▸ **Problem statement**
Drop the images. Copy every line below character for character.

▸ **Data block**

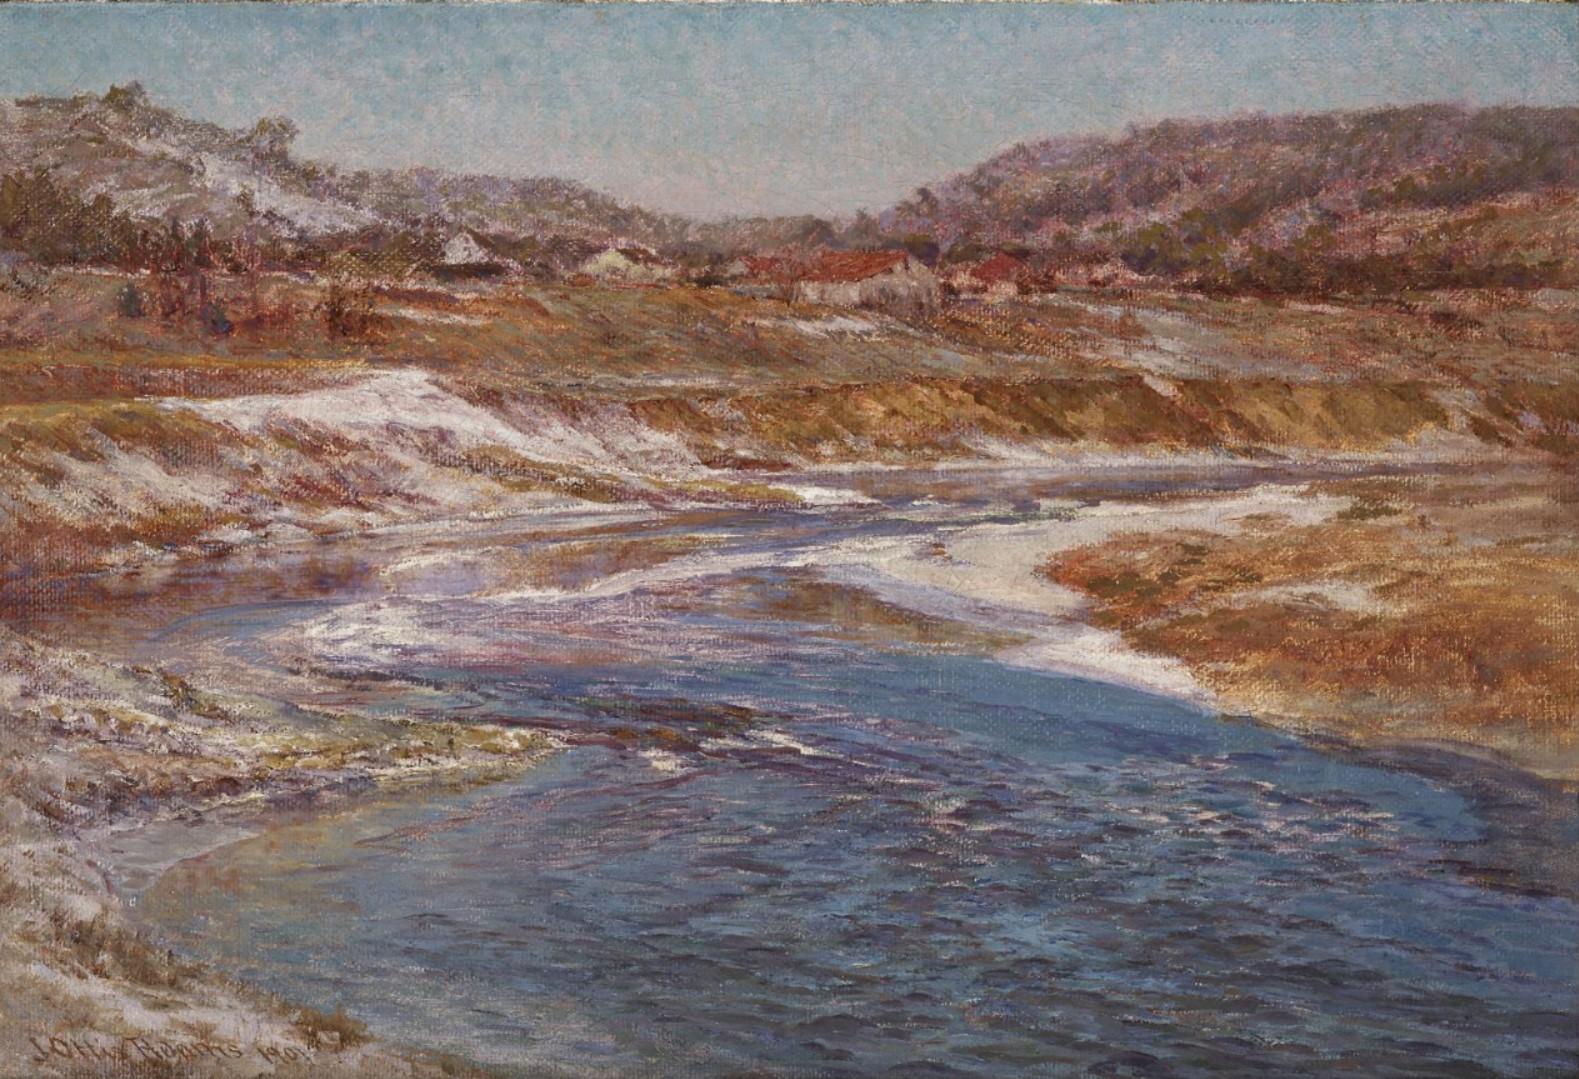 Джон Адамс John Adams картина американский импрессионизм пейзажи природы Альберт Сафиуллин
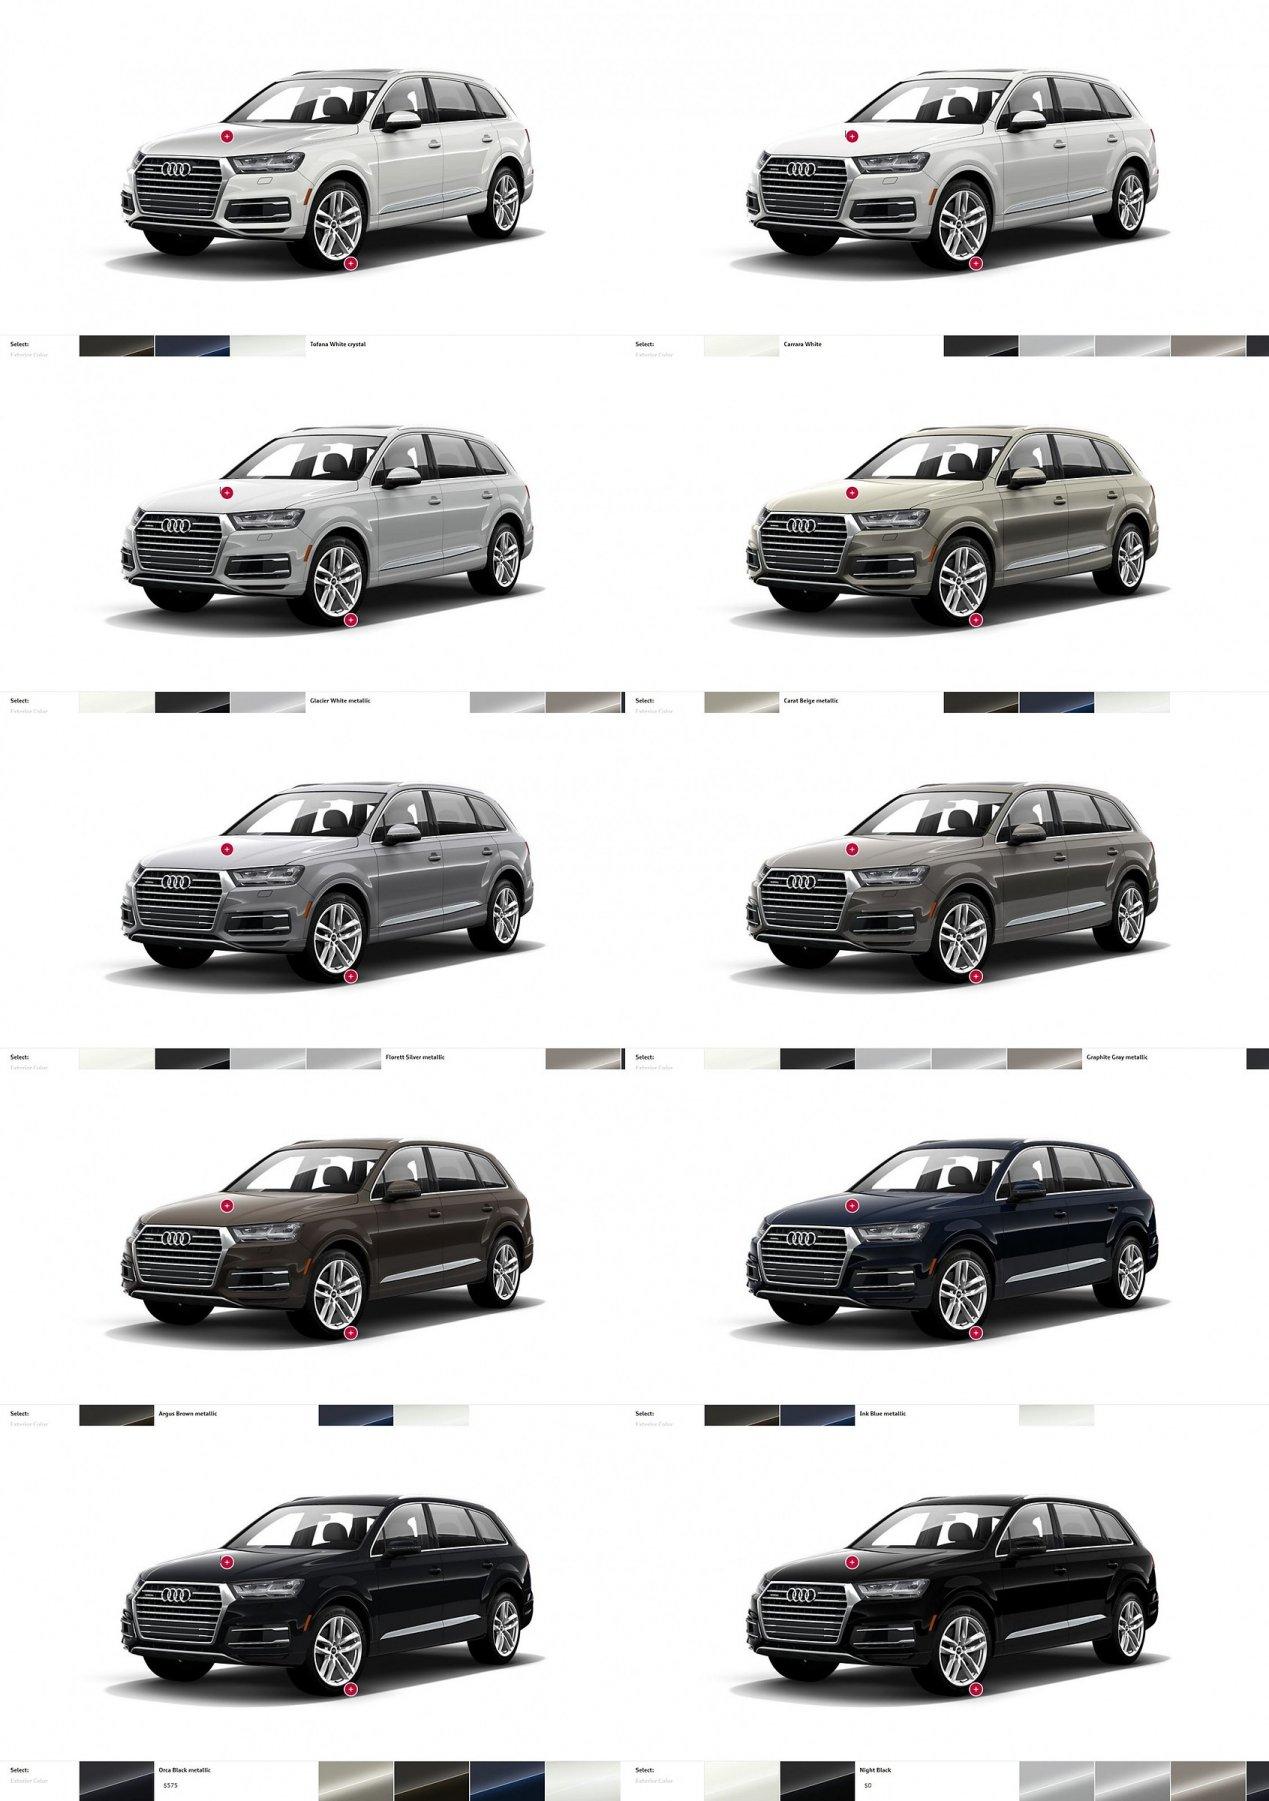 Audi Q7 Colors Wheels And Interiors 12 Tile
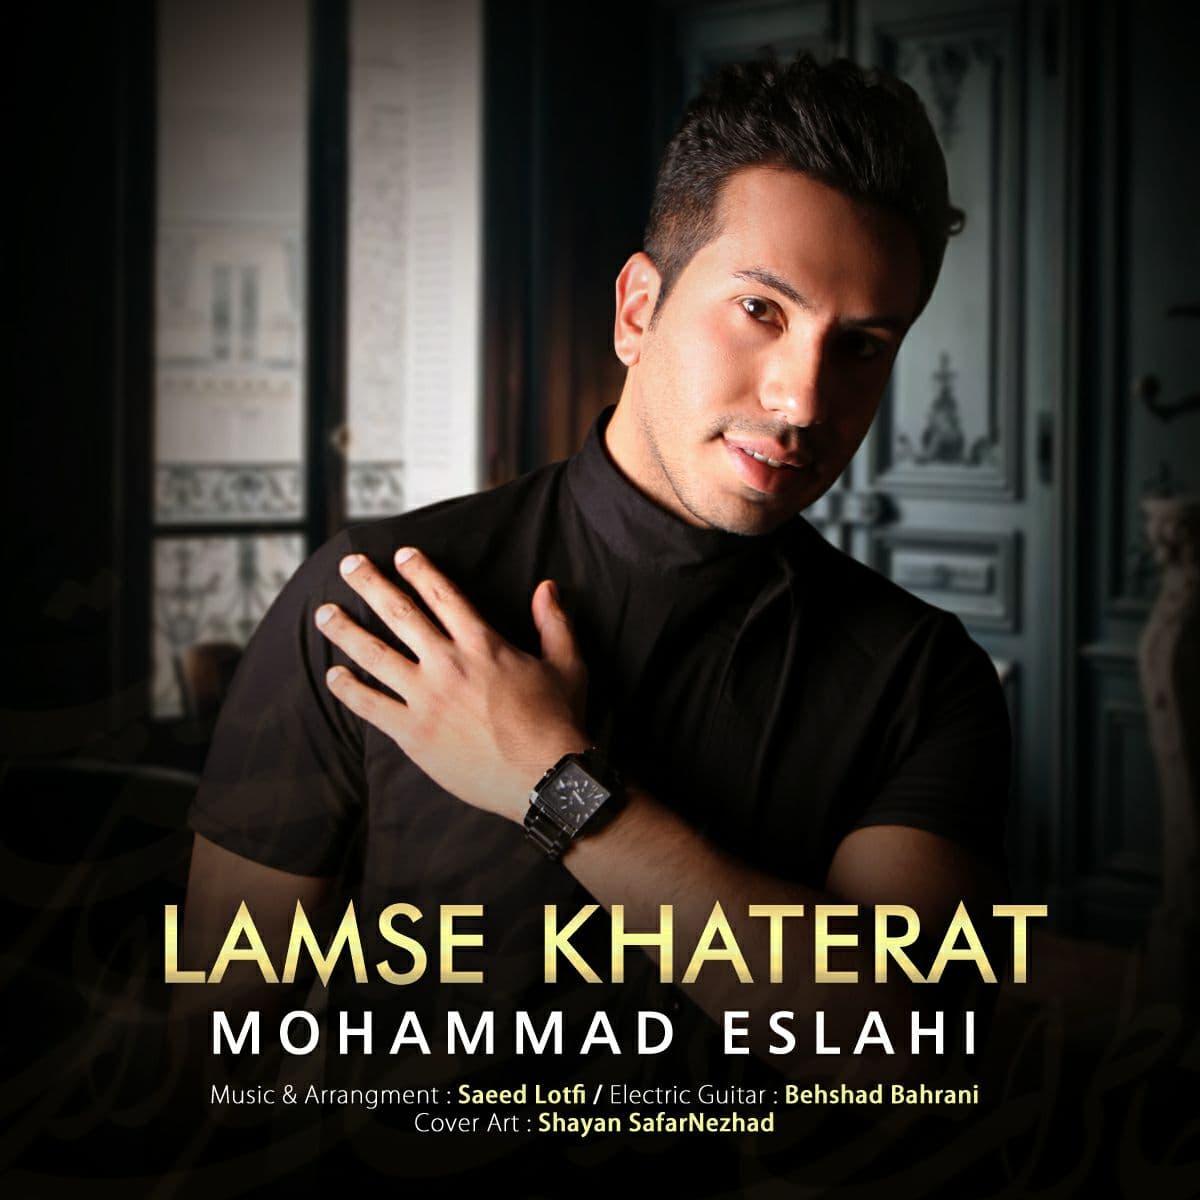 Mohammad Eslahi – Lamse Khaterat

▸ **Expected output**
 Джон Адамс John Adams картина американский импрессионизм пейзажи природы Альберт Сафиуллин
 Audi Q7 Colors Wheels And Interiors 12 Tile
 Mohammad Eslahi – Lamse Khaterat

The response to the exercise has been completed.